Dan....this is going to be one cool guitar when you are finished.

Cheers

Dave


----------



## fraser (Feb 24, 2007)

i can only find the schematics with the on/off switches- if it was me, id wire it like a hss strat-
heres a good schematic from seymour duncan, 4 wire pickup(stacked coil tho, but the same thing-also it shows a push/pull for the coil, just pretend thats a regular pot, the dpdt switch you need for the coil tap will wire exactly as shown)
http://www.seymourduncan.com/support/wiring-diagrams/schematics.php?schematic=1h_2s_1v_2t_5w_split

you might want to use a 500k tone pot for the bridge pup, and a 250k for the singles- but its a personal preference- i have no idea what it wouldve had stock.
for the coil tap, on a 4 wire pickup, its a simple dpdt switch, which wires you use will depend on the pickup-

as for the pots, any good, full size audio taper pot is fine- i like the cts ones,good but cheap
http://www.guitarpartscanada.com/pr...d=156&osCsid=2cd228d3ef8ccda3e32e55efb58f1929

sounds like a fun project- good luck with it!


----------



## Hamstrung (Sep 21, 2007)

Thanks for the input guys!
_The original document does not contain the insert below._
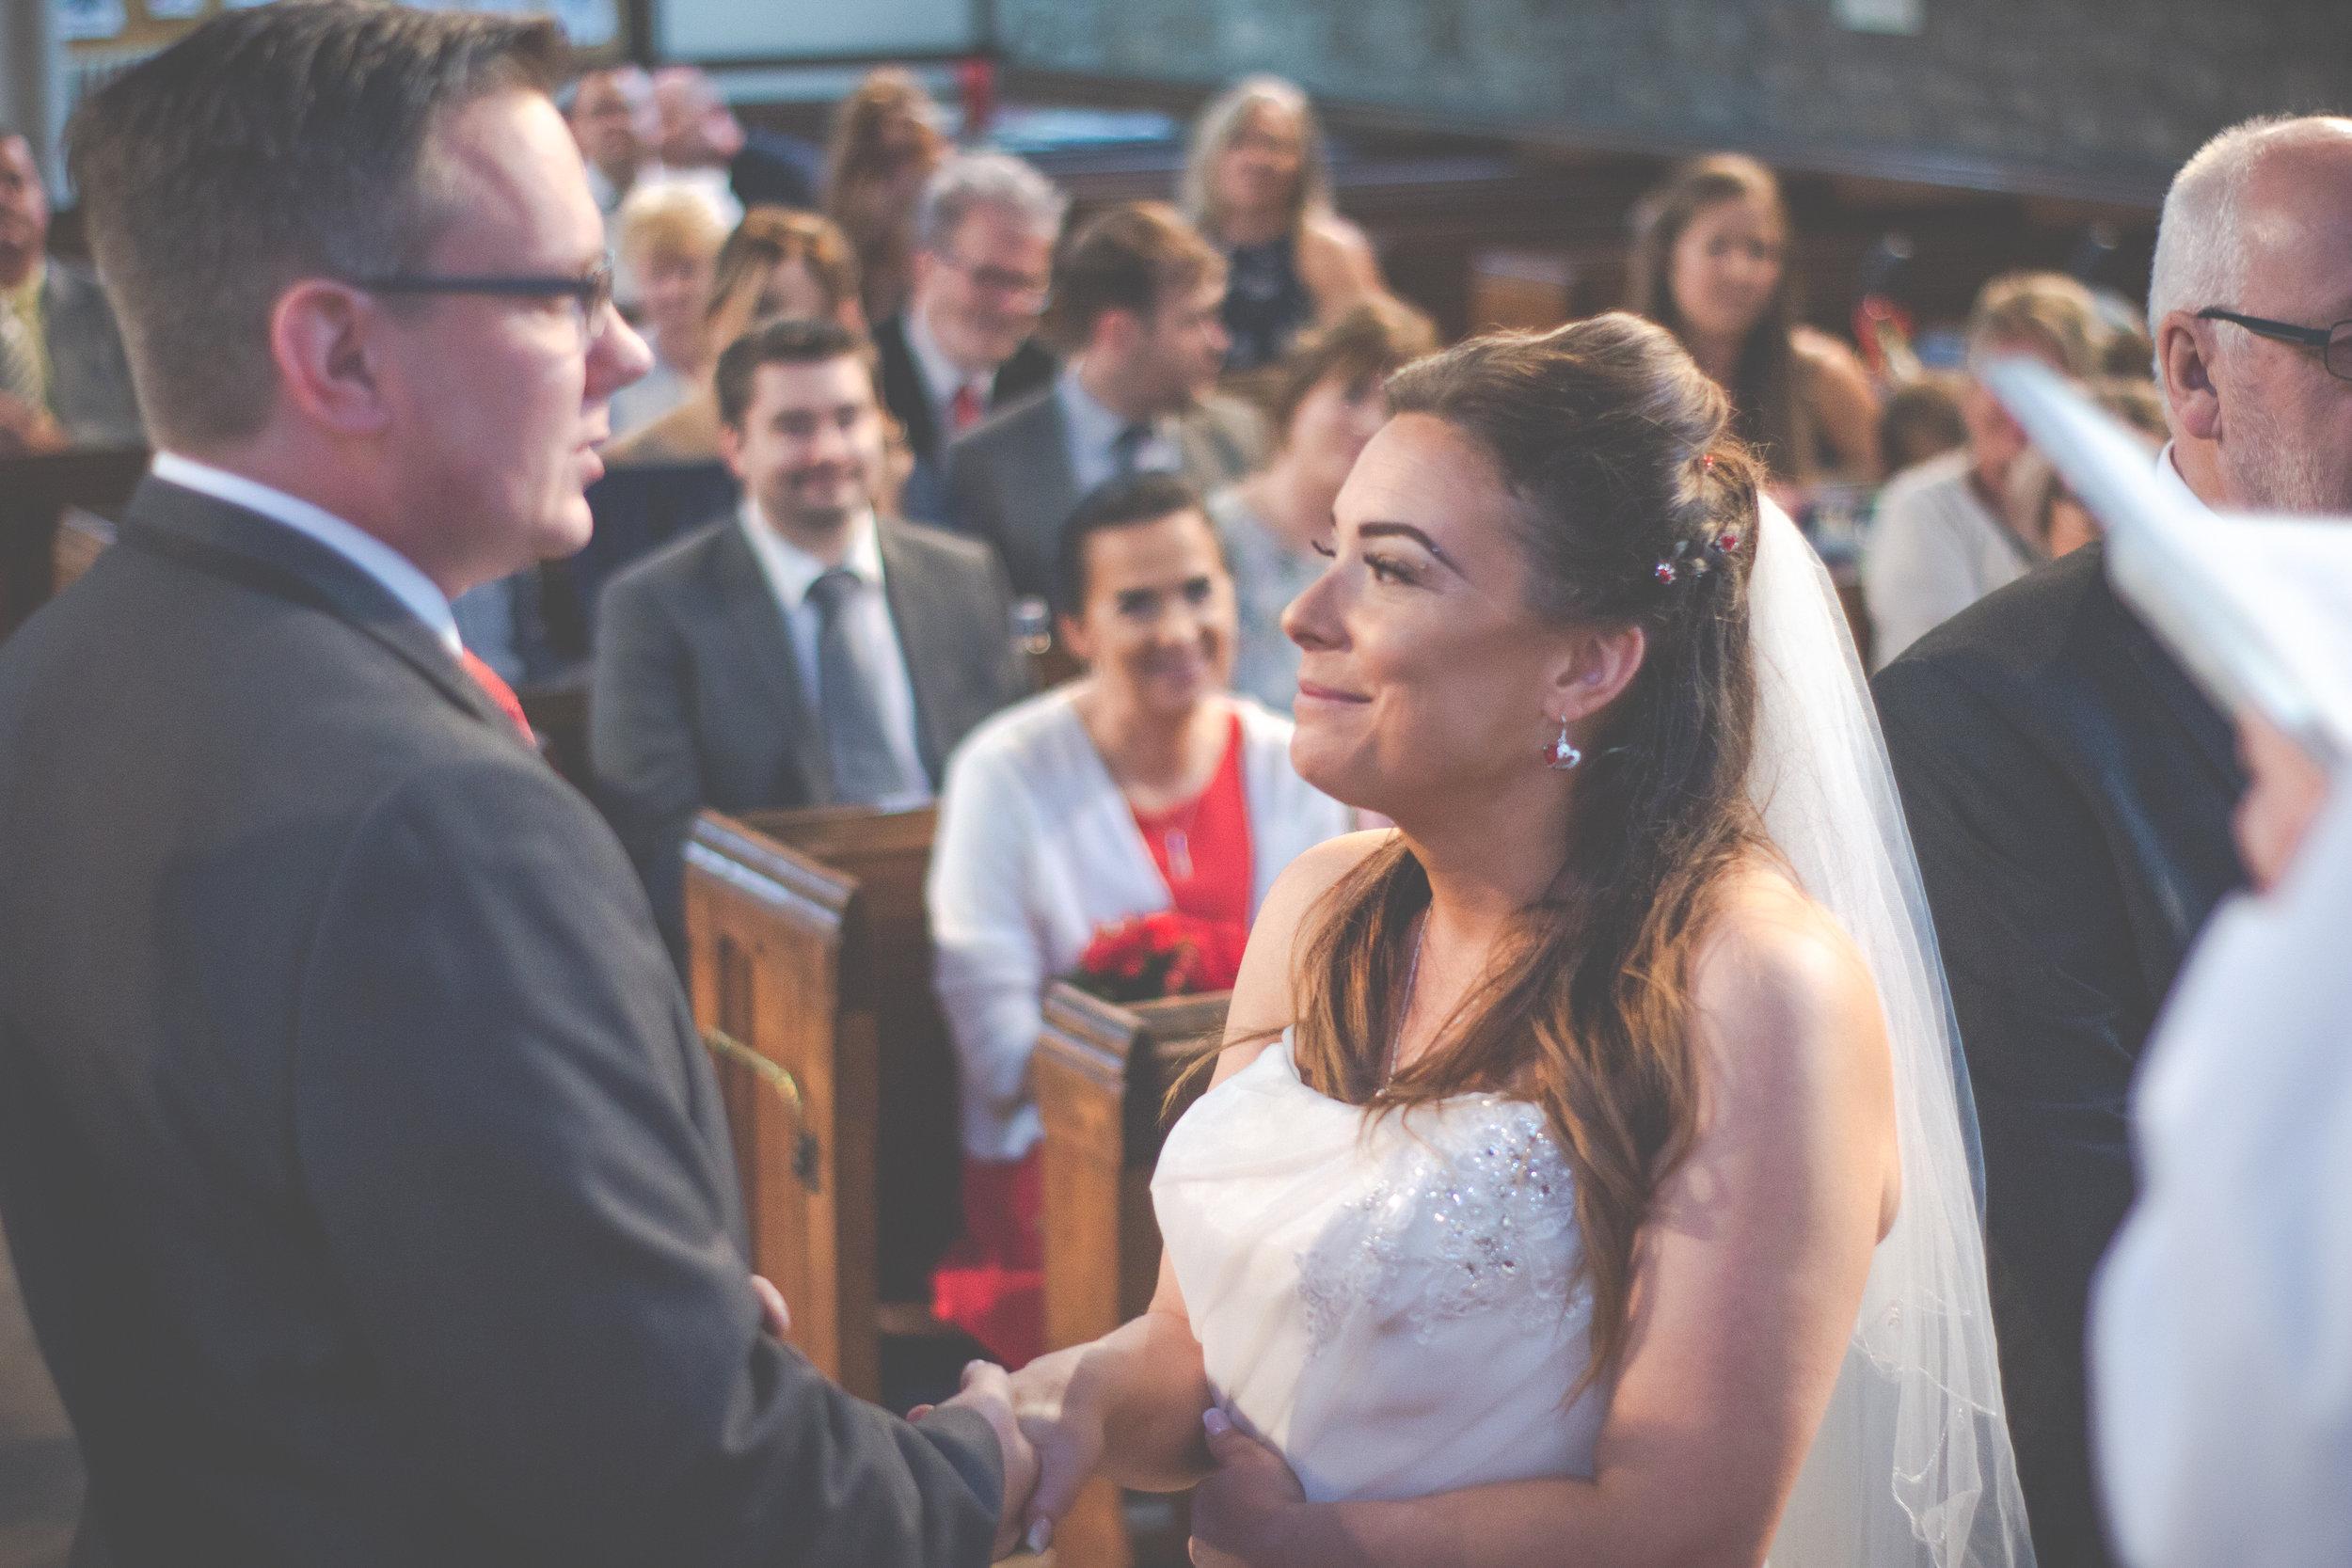 st-johns-ingrow-keighley-wedding-photos-13

I'll check that stuff out and I'll post pics when there is some progress to show.

... Dan


----------



## Short Circuit (Mar 25, 2007)

Hi Dan,
Lots of good info here.
Don't know if you know about this site or not but these guys could help also.

Mark

http://www.kramerforum.com/forum/


----------



## al3d (Oct 3, 2007)

Post picts dan when you can..i'm a BIG Kramer fan....got a Barreta i'de like to restore, but the body is TOTALY finished, so need to find a new one.


----------



## Hamstrung (Sep 21, 2007)

al3d said:


> Post picts dan when you can..i'm a BIG Kramer fan....got a Barreta i'de like to restore, but the body is TOTALY finished, so need to find a new one.
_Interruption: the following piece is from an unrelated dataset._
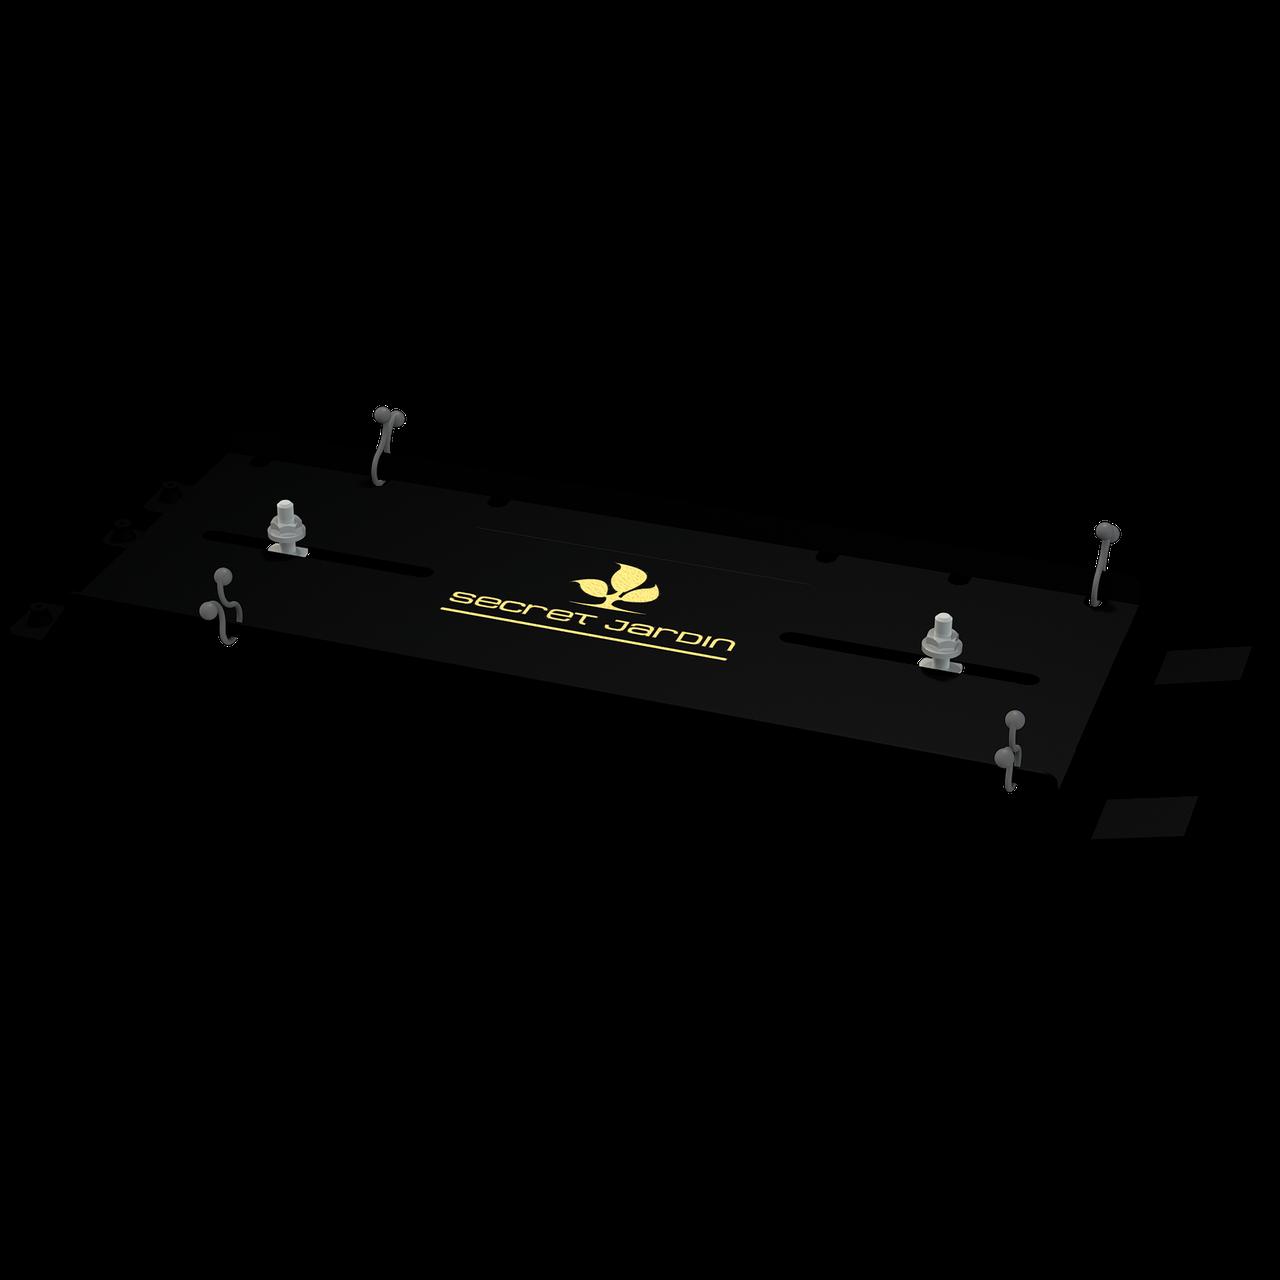 Крепление для балласта Ballast Support  CARRYIT 13cm x 36cm x 10kg

I'll put up some before/after pics once there's an "after" to show. The cold weather is hampering my body refinishing as I have to do it in my garage. Anybody in the KW area have a nice warm workshop that I could borrow?! :wave:


----------



## RIFF WRATH (Jan 22, 2007)

Ham
I am 20 min away and have a disgustingly untidy crowded shop...lol...I only heat it on the weekends...most weekends there is some activity of one kind or another...pm me if I can be of assistance
cheers
RIFF


----------



## xbolt (Jan 1, 2008)

Sounds like fun!
I have a few Kramers including these single hum Focusezzz
Great guitars...Good luck with your project...


----------



## Hamstrung (Sep 21, 2007)

The last one you have in your pics looks like what the guy I bought mine "attempted" to do. The end result was a far cry from your's! Riff Wrath has been kind enough to offer me some workshop space so I may get the body preped a bit sooner than I thought. I'm no painter so it may still take a while before it's picture ready.


----------